◆ YOUR OBJECTIVE
The lines to return run from the one containing "Les gens shopping" through the end of the material; give them exactly and leave out the pictures.

◆ DATA

···

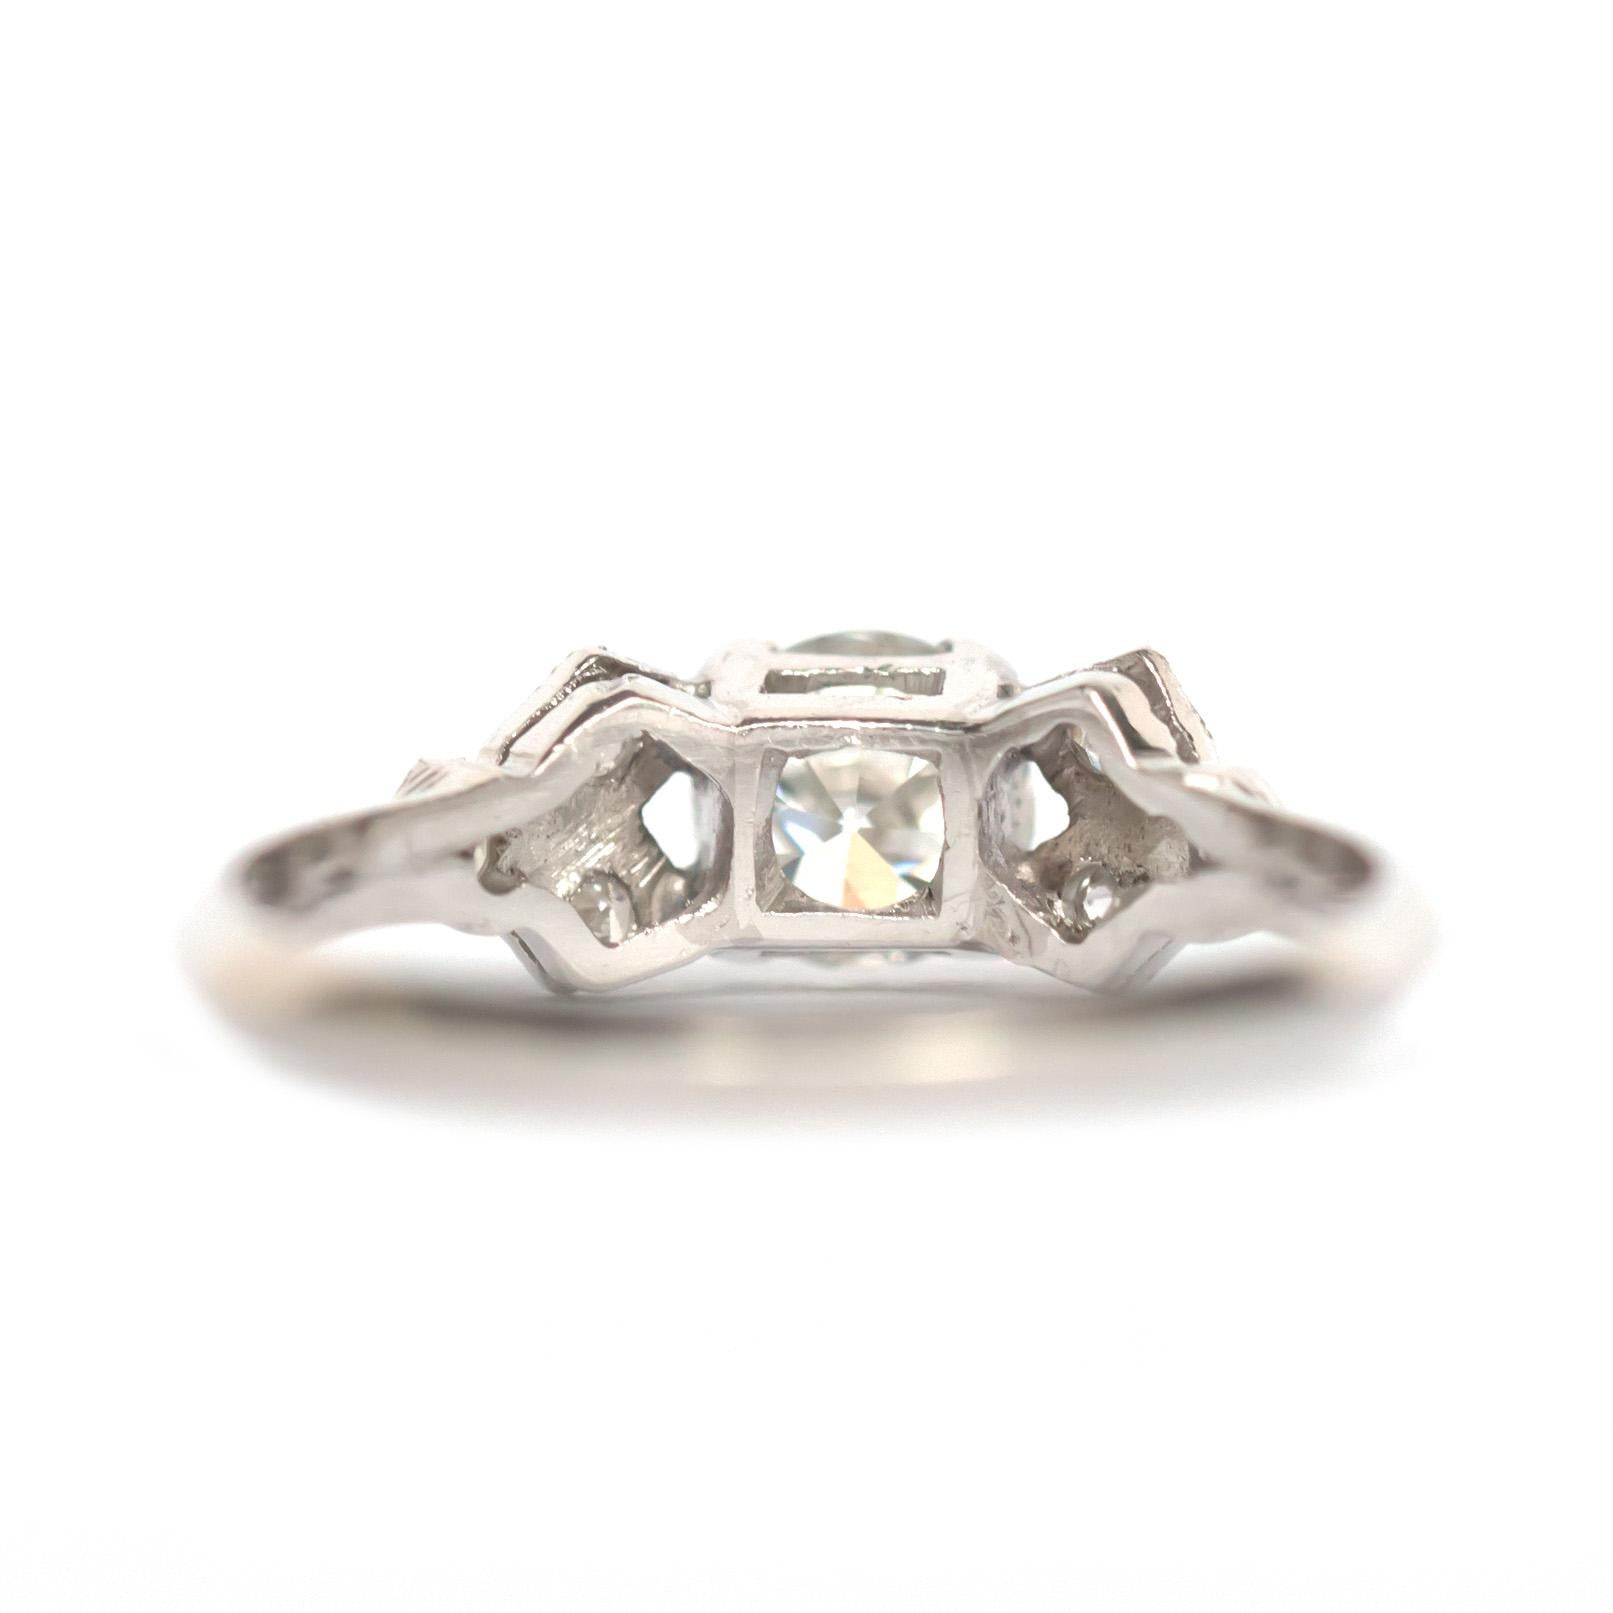 53-carat diamond ring price
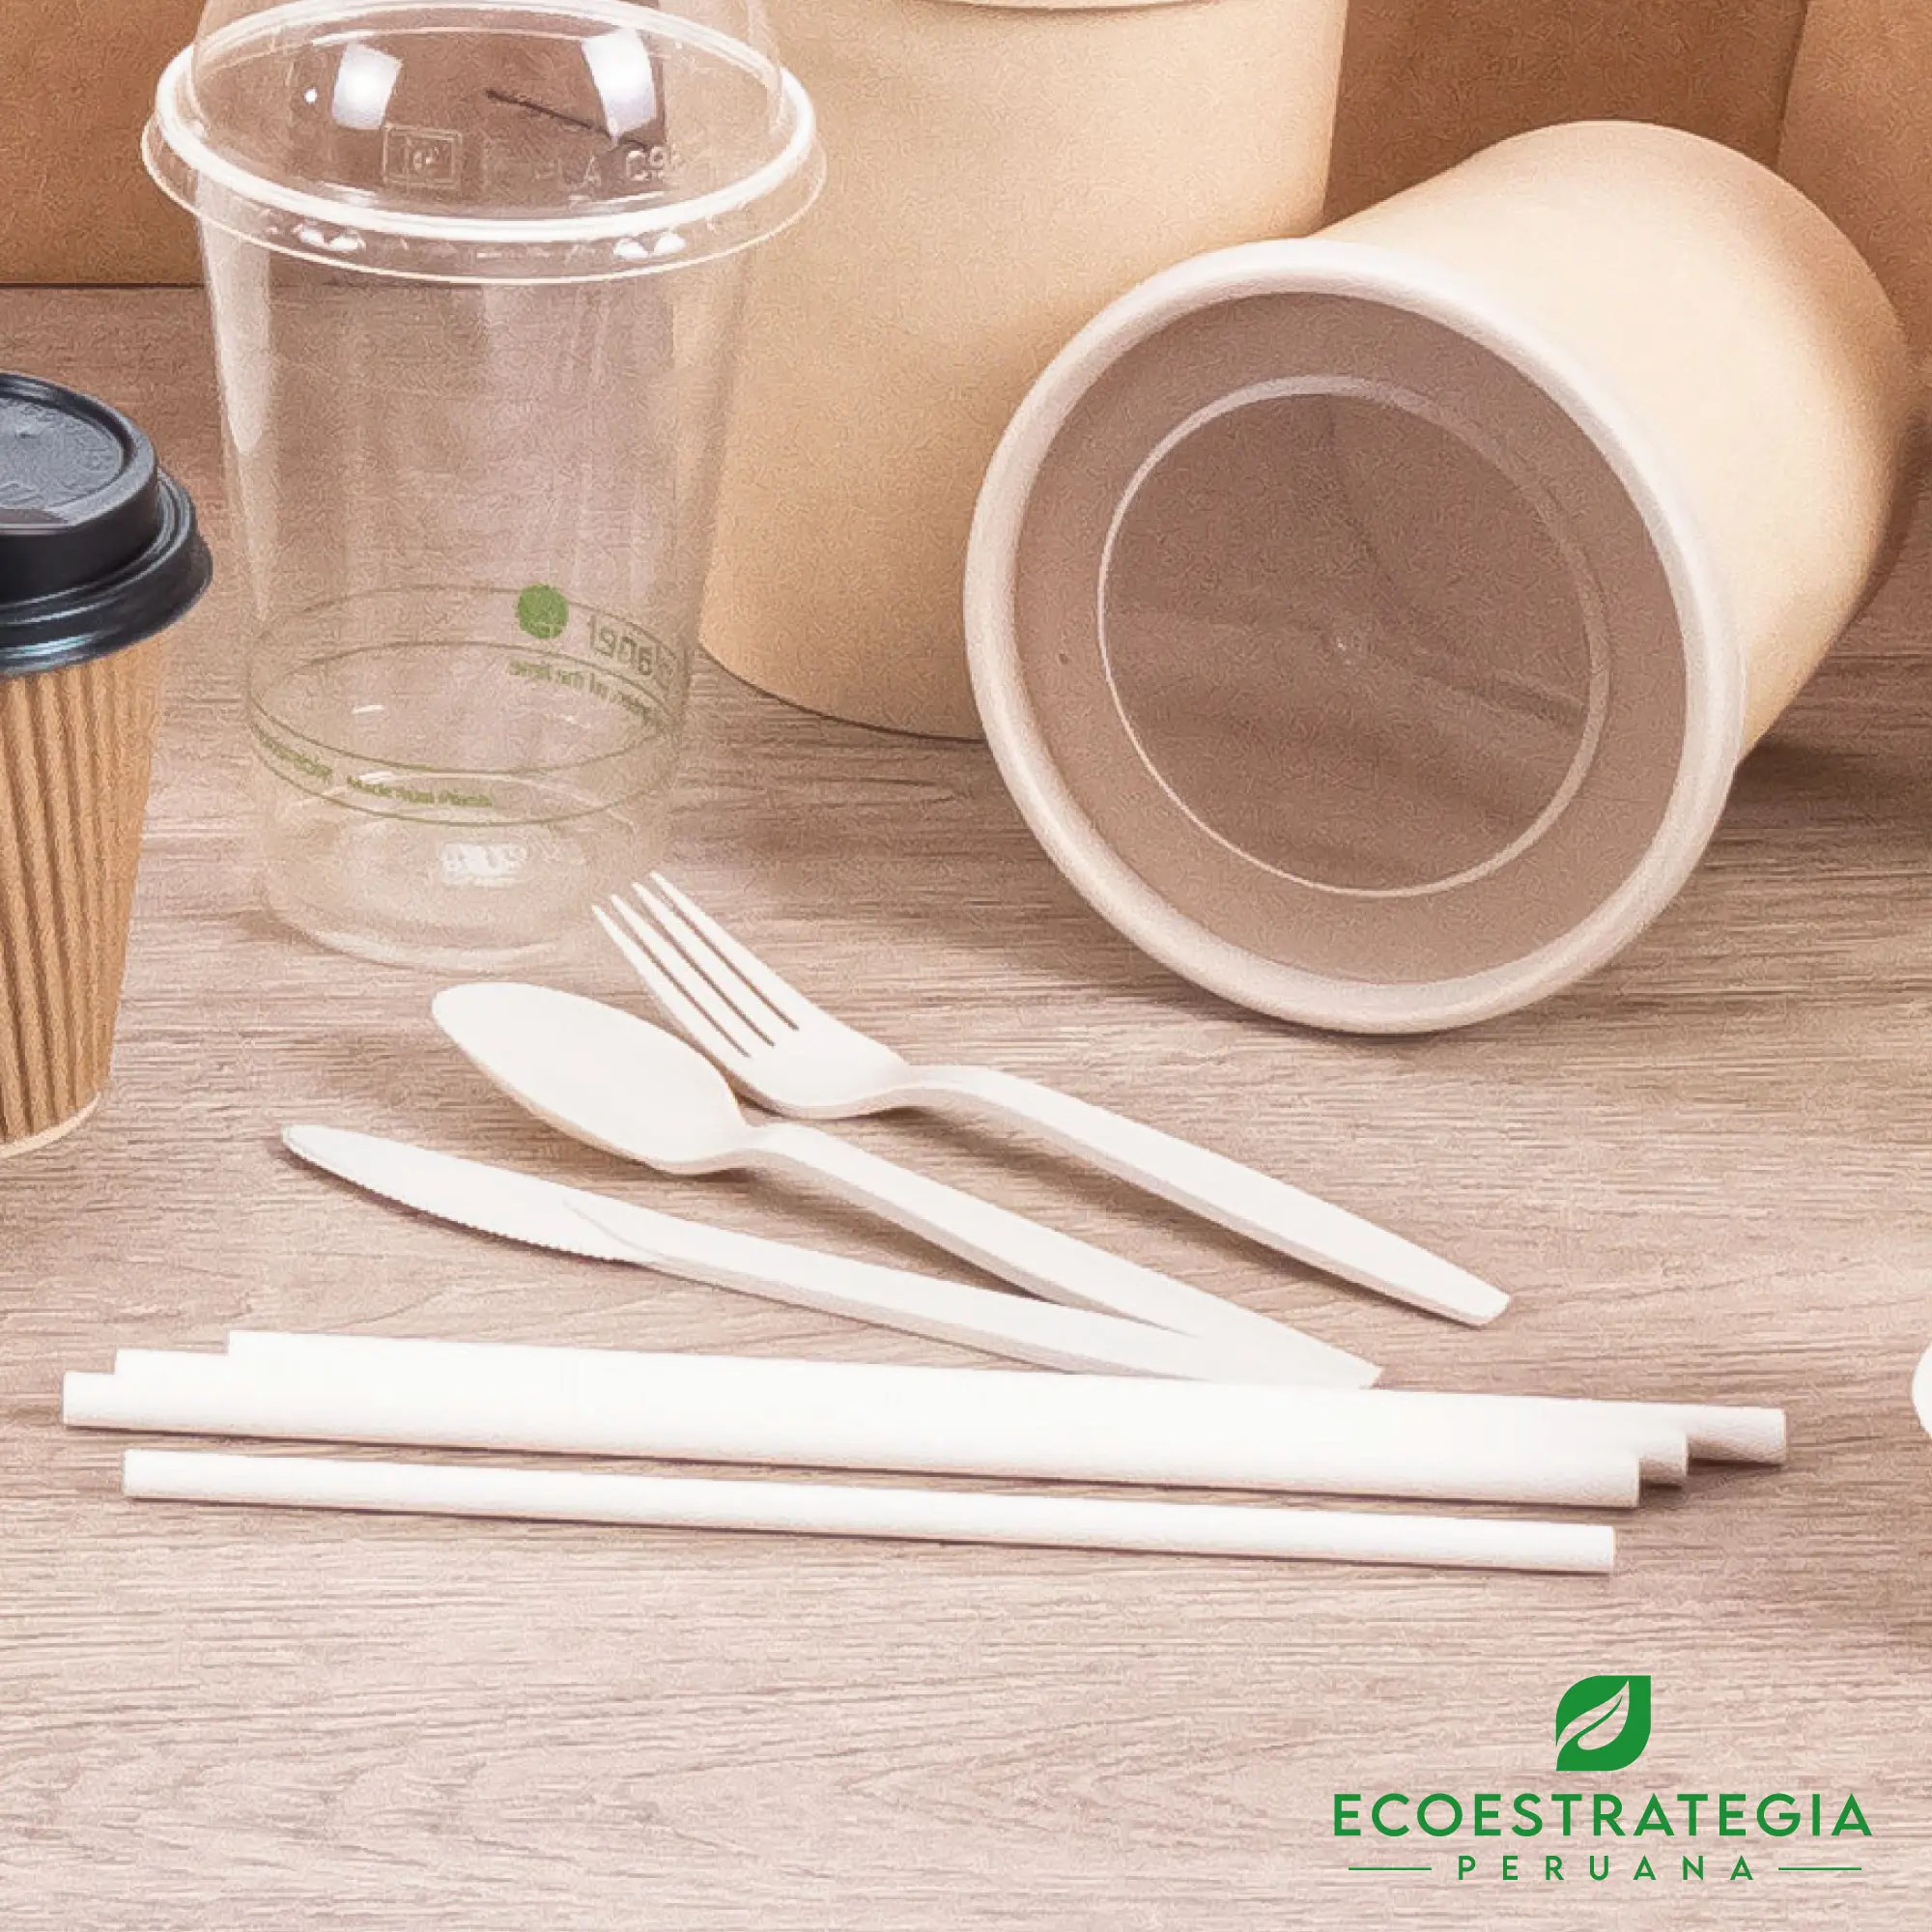 Cubiertos biodegradables EP-C conocido también como cubierto biodegradable, cubierto ecologico, cubierto reciclable. cubierto helados, cubierto postres, cubierto menu, cuchara biodegradable 15 cm, cuchara biodegradable, cucharas compostables, cuchara eco 16 fibra de maíz, cuchara biodegradable blanca 6”, cuchara, cuchara biodegradable cubierto, productos compostables, cuchara descartable biodegradable, cubiertos compostables, set de cubiertos eco, cucharas ecológicas, cubiertos biodegradables, cuchara blanca biodegradable, cuchara para delivery, cucharas biodegradables peru, importadores de cucharas cubiertos biodegradables, mayoristas de cucharas cubiertos biodegradables, distribuidores de cucharas cubiertos biodegradables
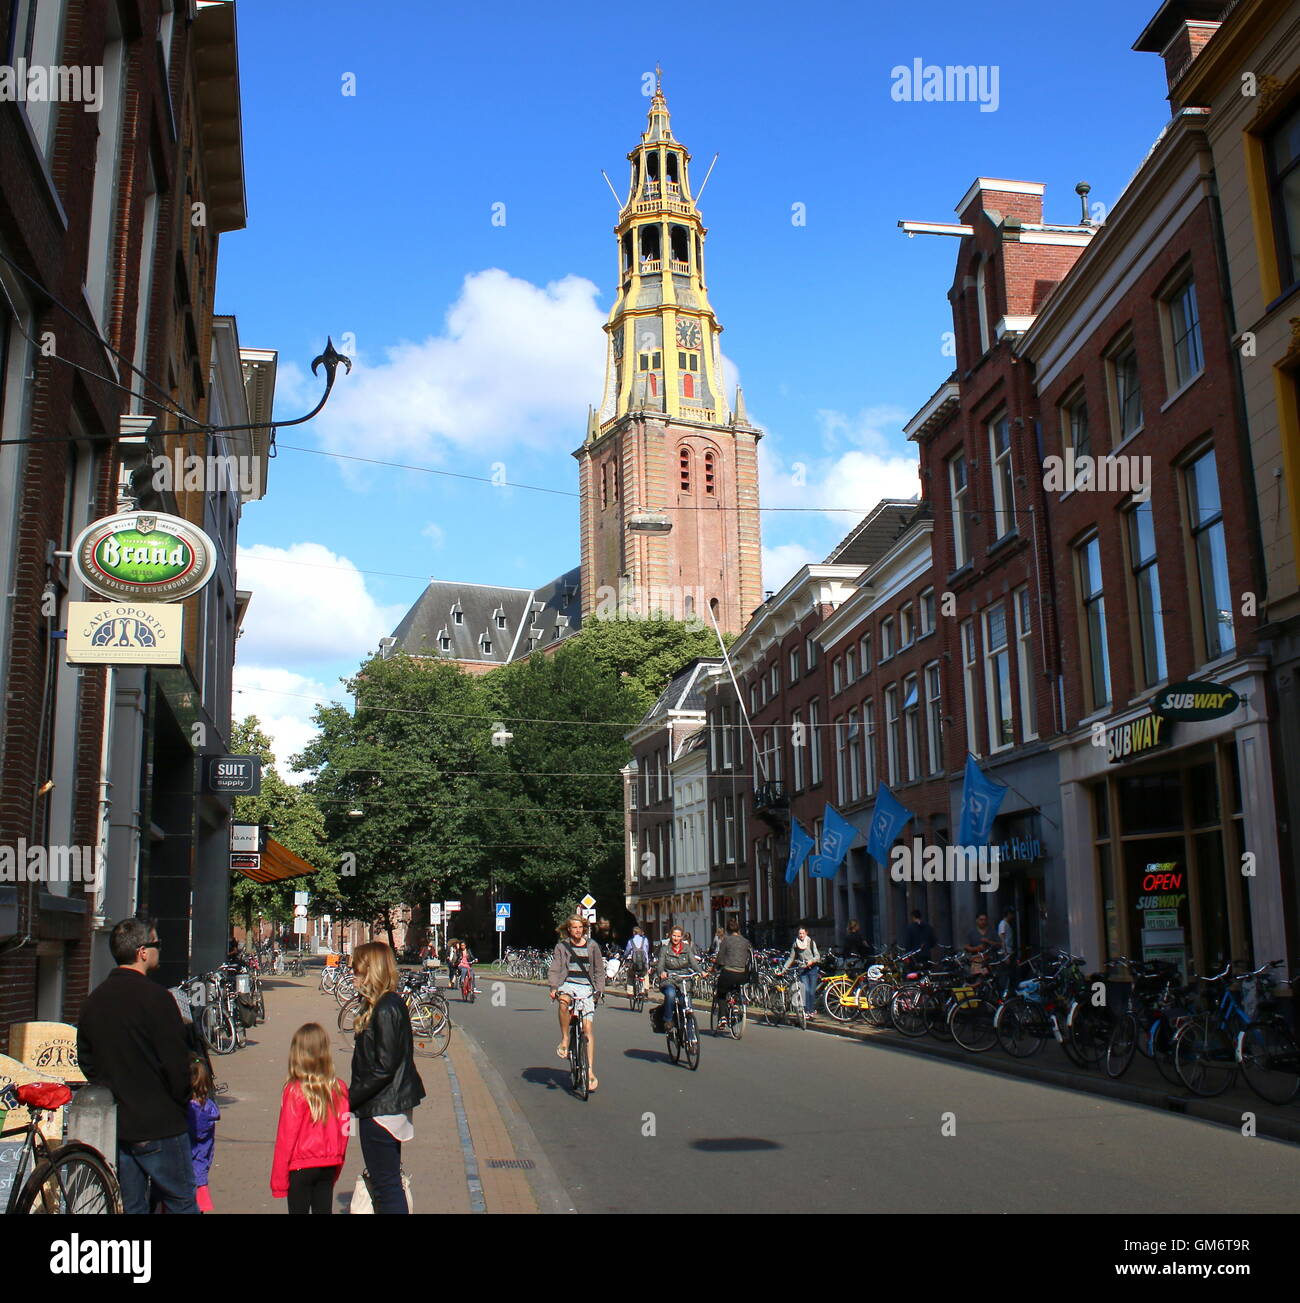 Les gens shopping in Brugstraat (Bridge Street) de Groningen, Pays-Bas. Église du 17ème siècle Der Aa-Kerk en arrière-plan. Banque D'Images
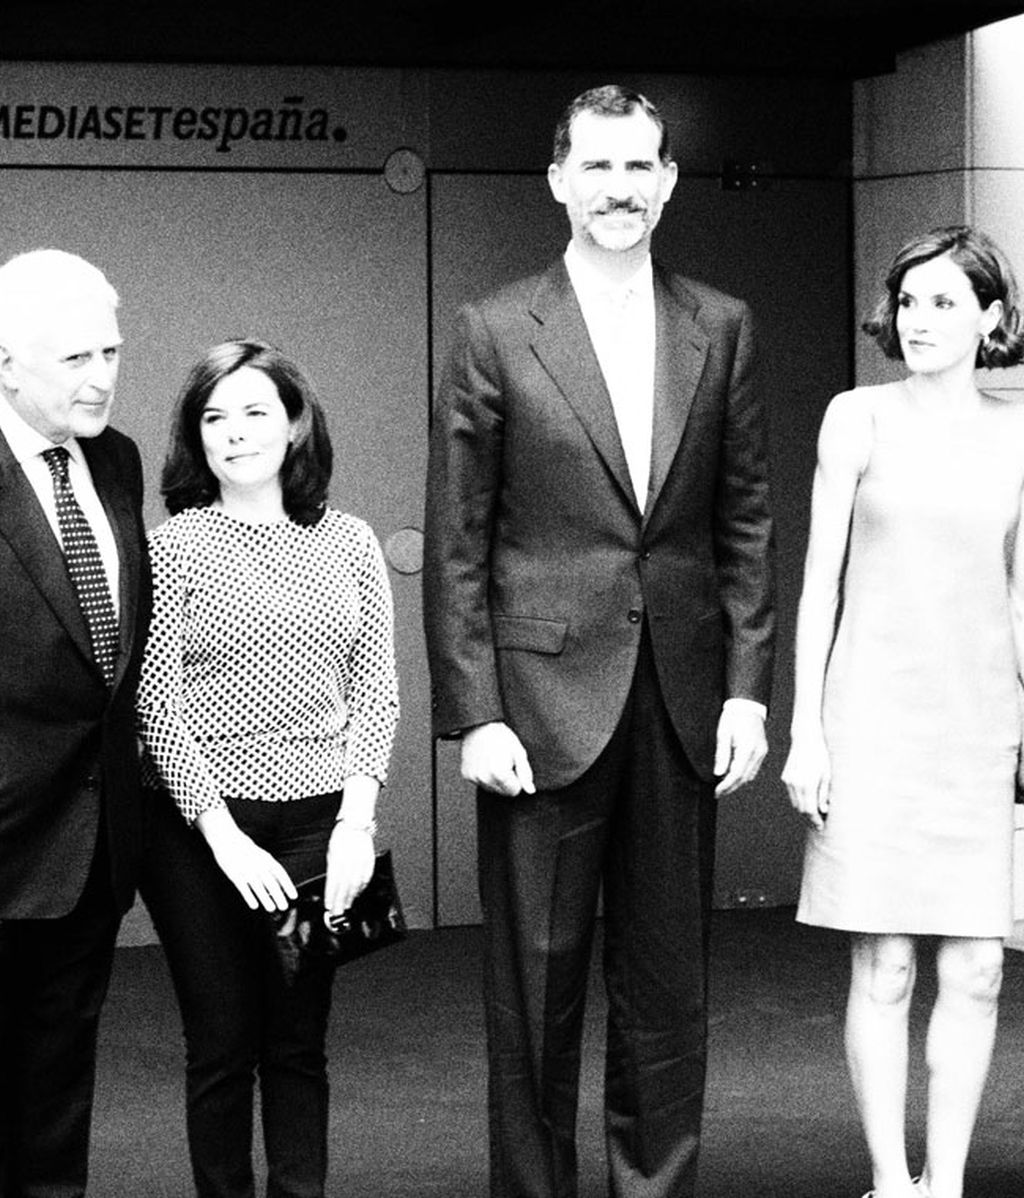 Divi-visita en blanco y negro: La intrahistoria de Letizia y Felipe en Mediaset, foto a foto

···

◆ RESULT FOR THIS TASK
 Les gens shopping in Brugstraat (Bridge Street) de Groningen, Pays-Bas. Église du 17ème siècle Der Aa-Kerk en arrière-plan. Banque D'Images
 Divi-visita en blanco y negro: La intrahistoria de Letizia y Felipe en Mediaset, foto a foto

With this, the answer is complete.